Given material ▸
——————

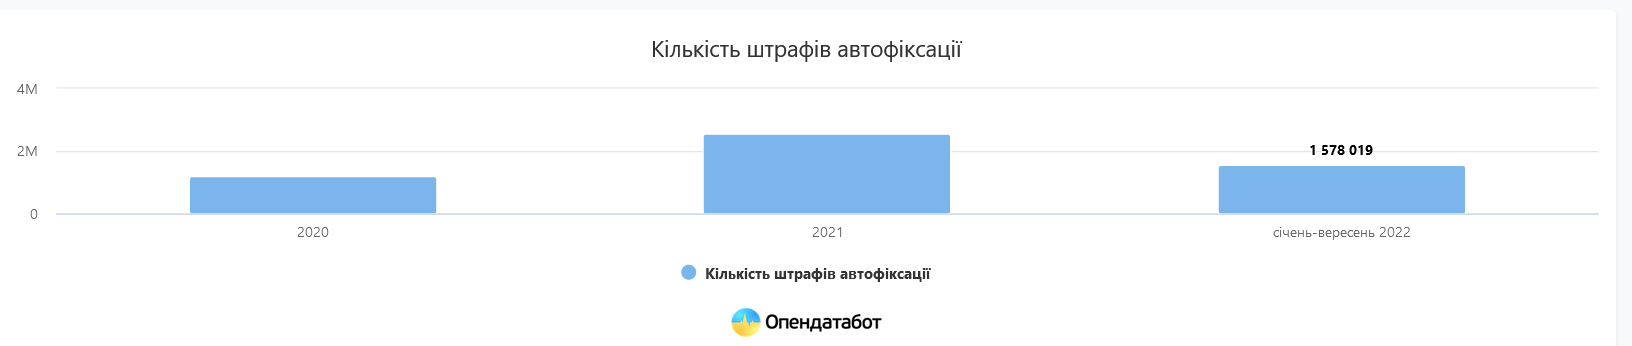 За січень-вересень 2022 року в Україні виписали понад 1,5 млн штрафів за порушення правил дорожнього руху
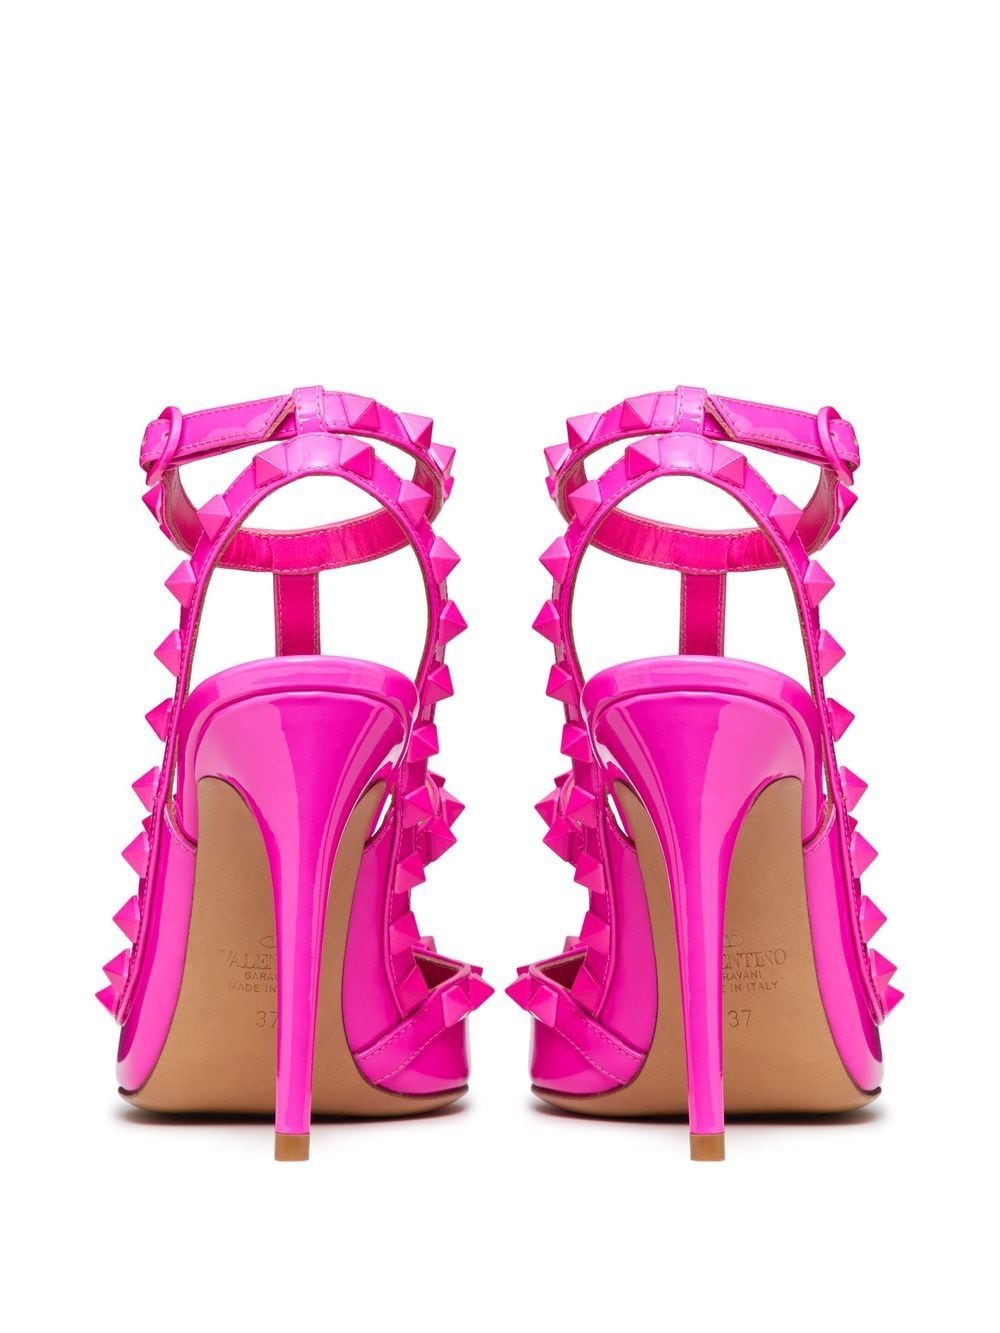 粉紅色Rockstud專利皮革鞋
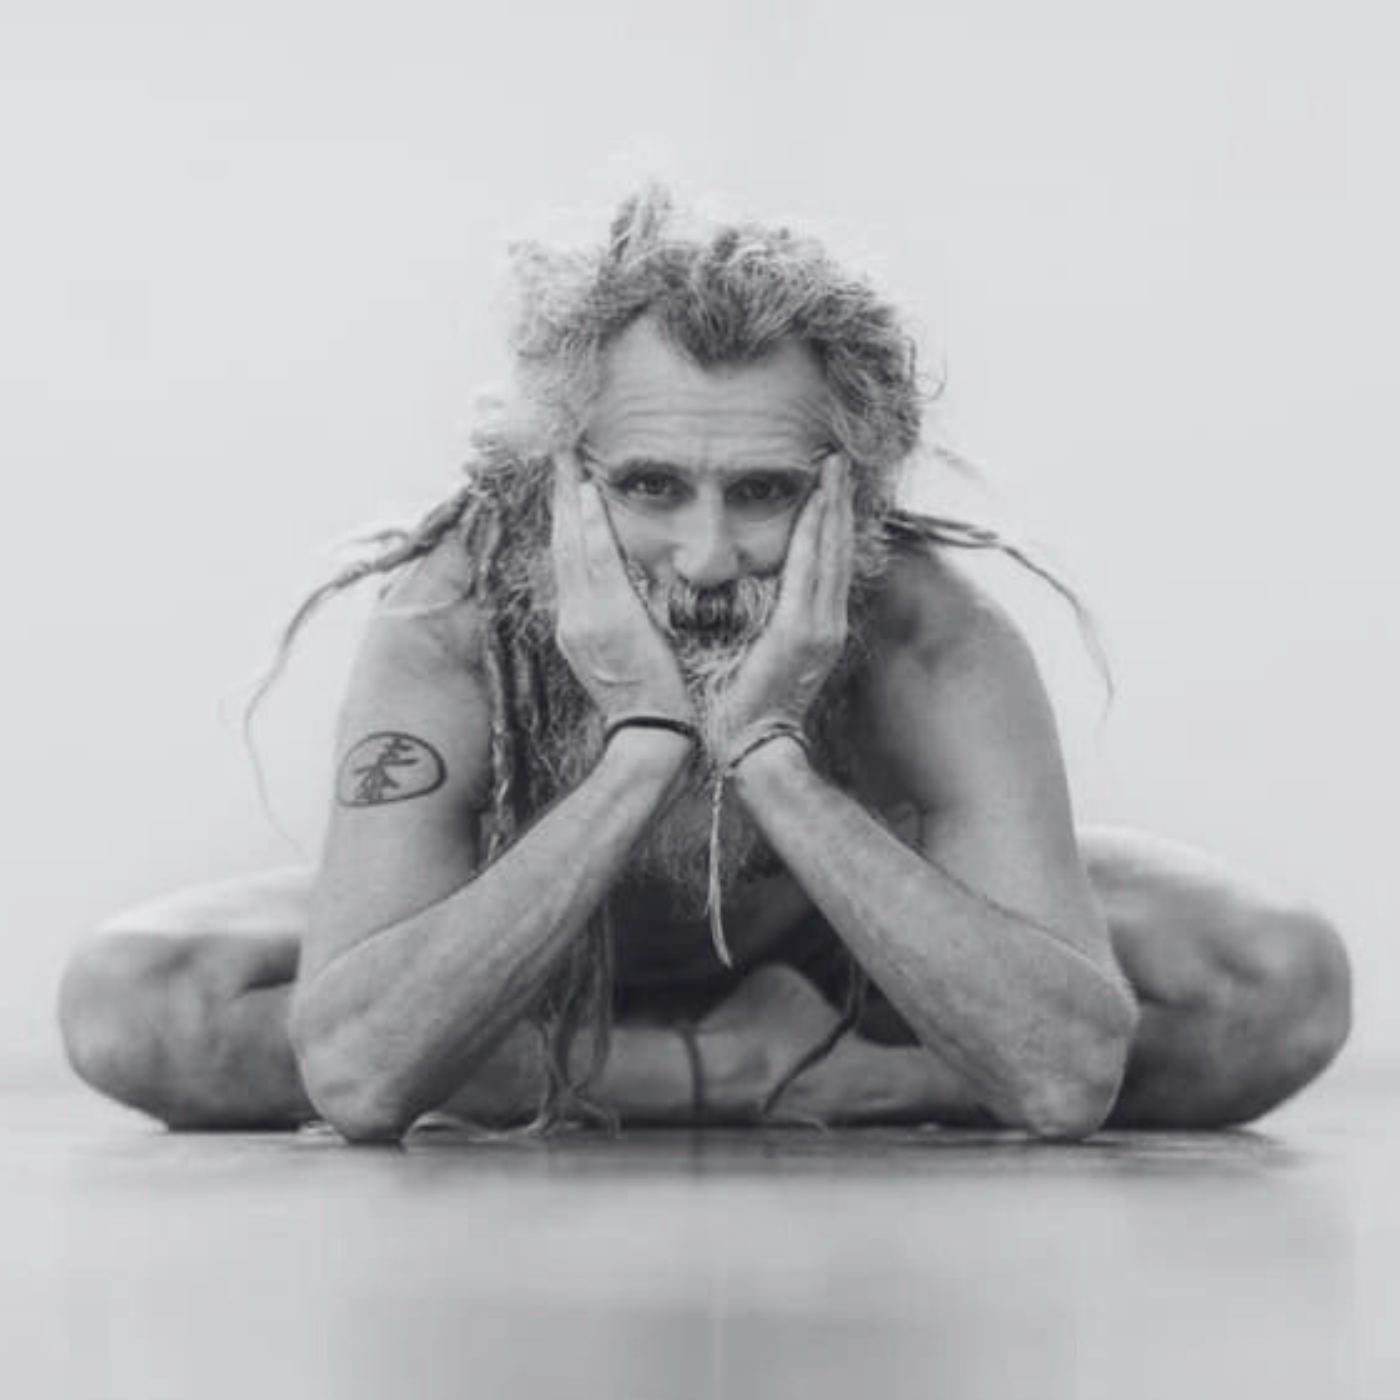 Yoga teacher with dread locks sitting on the floor

——————

What is required ▸
Every line above should be transcribed exactly, though no image should be carried over.

The completed task ▸
 За січень-вересень 2022 року в Україні виписали понад 1,5 млн штрафів за порушення правил дорожнього руху
 粉紅色Rockstud專利皮革鞋
 Yoga teacher with dread locks sitting on the floor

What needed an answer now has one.